Data pipeline for vacation photos

I take pictures when I am on vacation. Then I throw away 90% of them, some make the cut to end up on Instagram. Instagram is a great platform, however without an official API to upload images, they make it tough for lazy amateurs to publish their content. There is a popular unofficial api, which I intend to give a try.

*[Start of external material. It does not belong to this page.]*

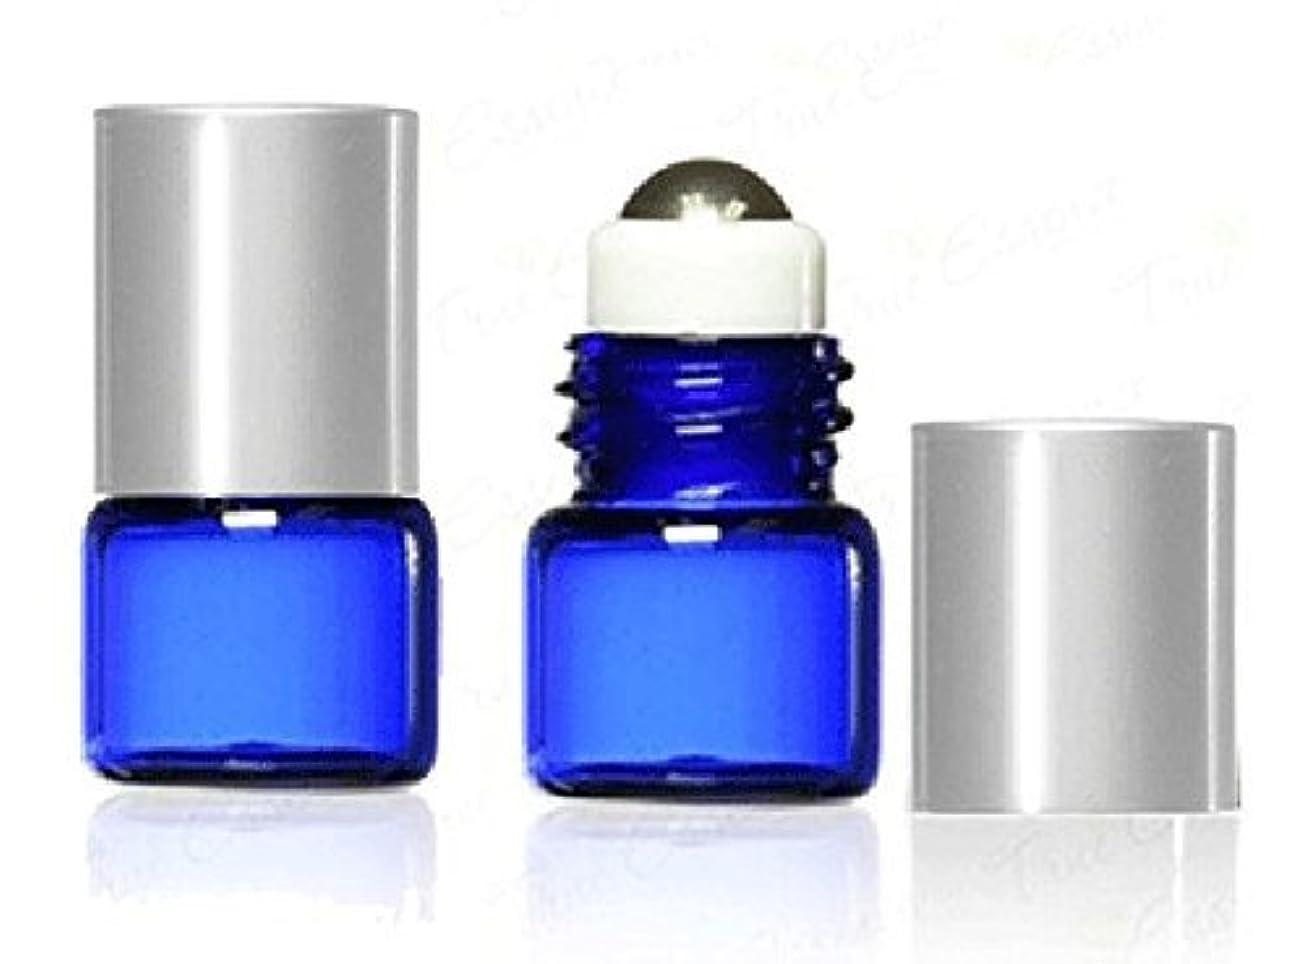 時々誕生日バンドGrand Parfums 1 ml, 1/4 Dram Cobalt Blue Glass Micro Mini 1ml Roll-on Glass Bottles with Metal Roller Balls & Metal Silver Caps. - Refillable Aromatherapy Essential Oil Roll On (12) [並行輸入品]

But even before I get there, I need to get the pipeline ready for getting the data out of the memory card of my DSLR and finding the ones that are worthy of posting. I don’t do any editing what so ever – and proudly tag everything with #nofilter. The real reason is image editing is tough and time-consuming. I doubt anyone would have such a workflow, but I find the existing tooling frustrating makes me do boring manual jobs – that too on vacation.

The workflow

Typically when I am on vacation, I would take pictures all day and as soon as I reach the hotel I want to get the pictures off my camera, group them in keep, discard,maybe buckets, upload them to the cloud, post them to Instagram and finally have the memory card cleaned up for the next day. If I get about an hour to do all this – I’m lucky. The most time-consuming part of the workflow is looking at the images and deciding which bucket it belongs. Rest of the parts are easy to automate. So I wanted to take up that part of the workflow first.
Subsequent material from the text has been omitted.